Problems with cron/seach/indexing

Posts: 2
Joined: 10/11/2008

I'm having some recent search problems with my site.

I recently added 2000ish products on top of an already 3000ish products in my store bringing my products numbers to 5000. Upon doing so I re-indexed the site and began running cron.php to add the new products to the seach index.

The first run of cron takes me to 1% indexed....the second time jumps me to around 93% indexed ... followed by 94...95....and so on to 100%. But at 100% im really only able to search about 5% of products and get the search to pull something up. So their seems to be a jump in reindexing process.

I've tried settings to select the amount of items to index per cron run...i have tried all...still getting the jump

Is there something im missing or something else i need to clear up to reindex my site?

Please help

Posts: 116
Joined: 04/23/2008

As a general point, from my experience and a few others in the forums, the default search engine in drupal is not suitable for a large number of nodes.

Hence some people use:

- ApacheSolr and its drupal interface (http://drupal.org/project/apachesolr)
ubercart.org site I think uses this...

- Sphinx and its drupal interface (http://drupal.org/project/sphinxsearch )
I use this one...

So long term, it may be something to consider...

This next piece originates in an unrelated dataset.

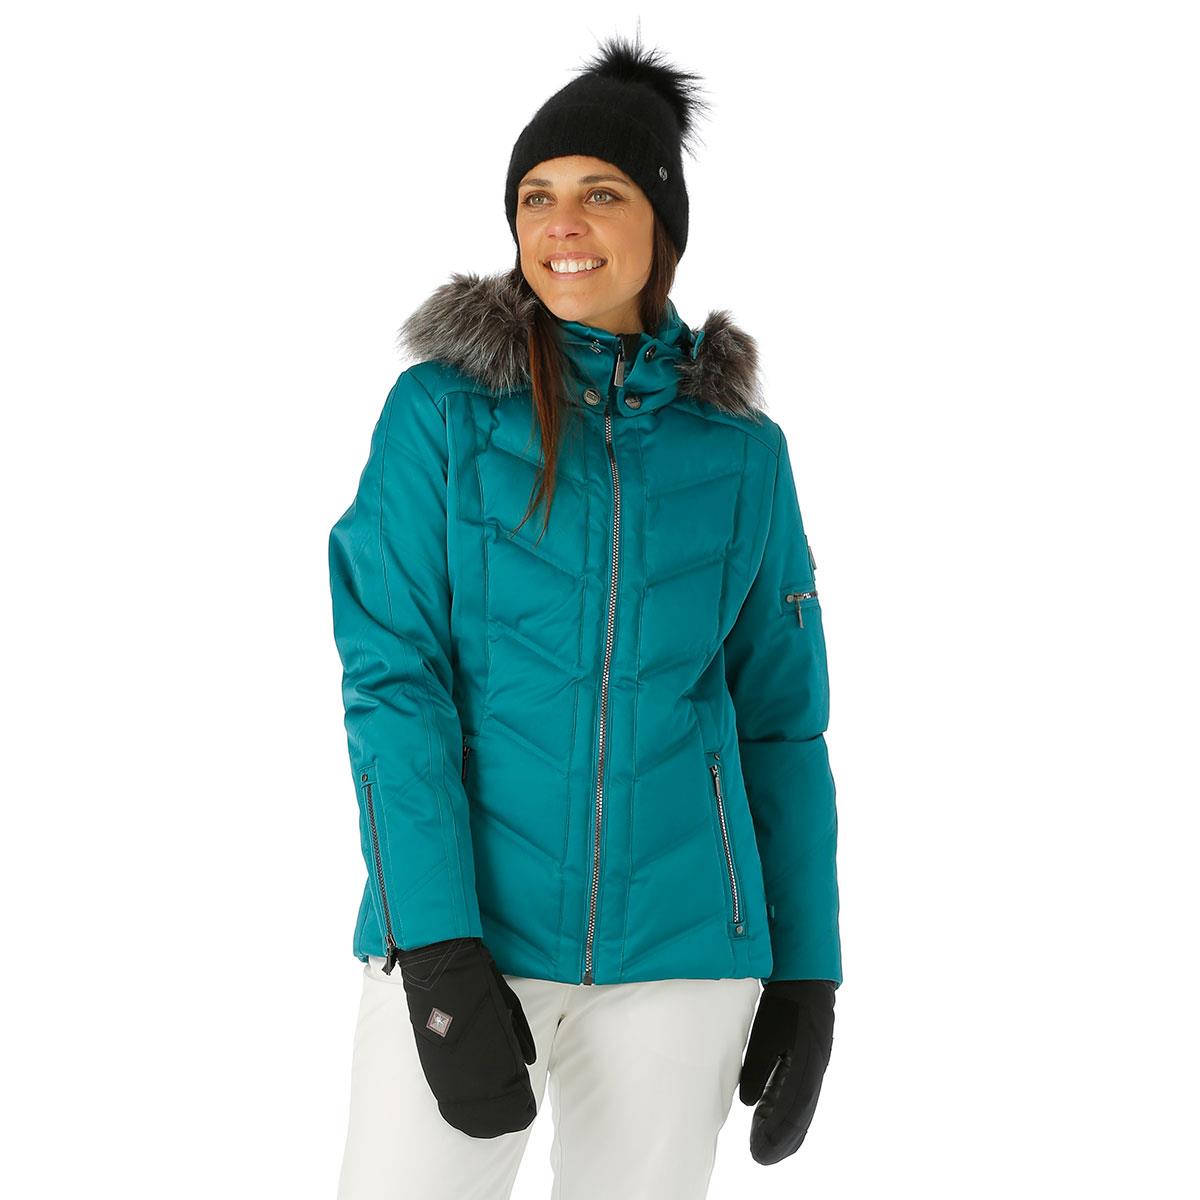 Nils Cervinia Insulated Ski Jacket with Faux Fur (Women's)
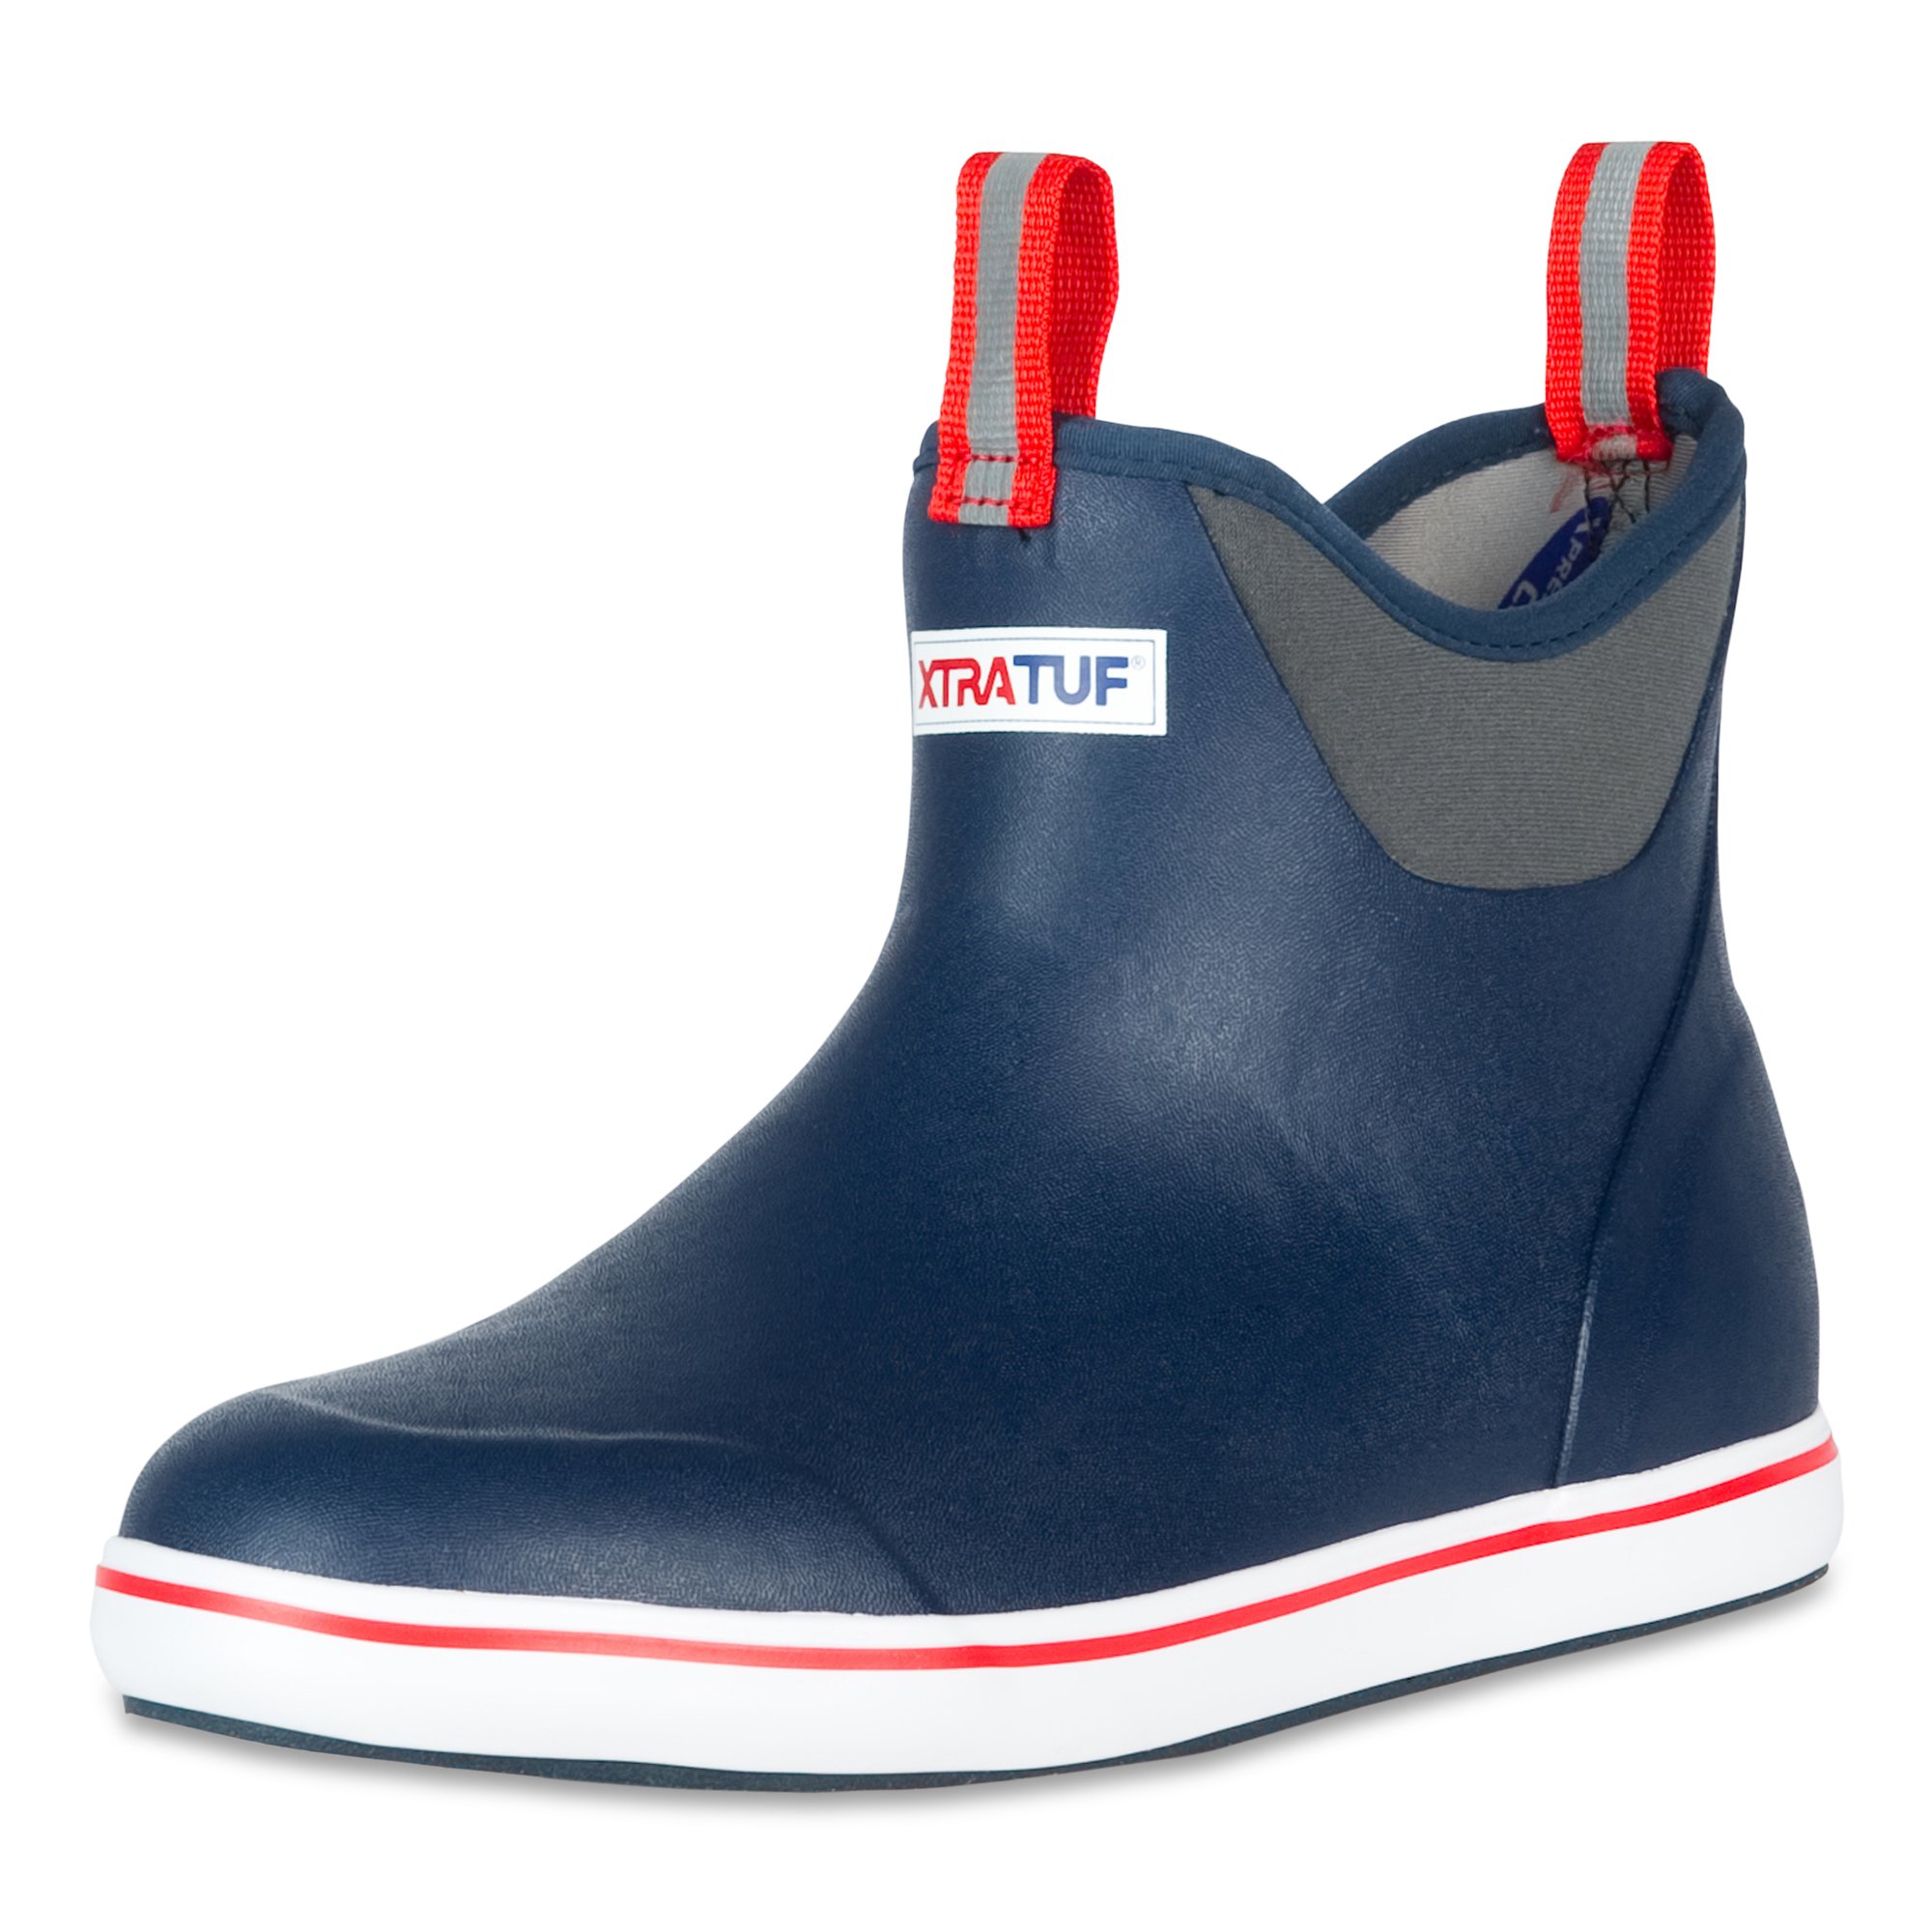 XTRATUF Performance Series 6 Inch Mens Full Rubber Ankle Deck Boots - Navy & Red  - Size 10

But to answer your question, what I did in the past was to change the drupal's search.module so that I could increase the number of nodes indexed in one go to about 50,000. You have to play with your environment to get a sense for what will run in one go... So your's may be different...

You may also have to:
- delete drupal's cache first,
- reset cron to enable you to restart properly... i.e. delete FROM `variable` WHERE name = 'cron_semaphore'
- reset also maybe the 'cron_last' variable too...

Posts: 2357
Joined: 08/07/2007
AdministratoreLiTe!

For future reference, you shouldn't have to reindex your site when you add new content. Drupal should be able to find the new products without throwing away all of the data from the old products.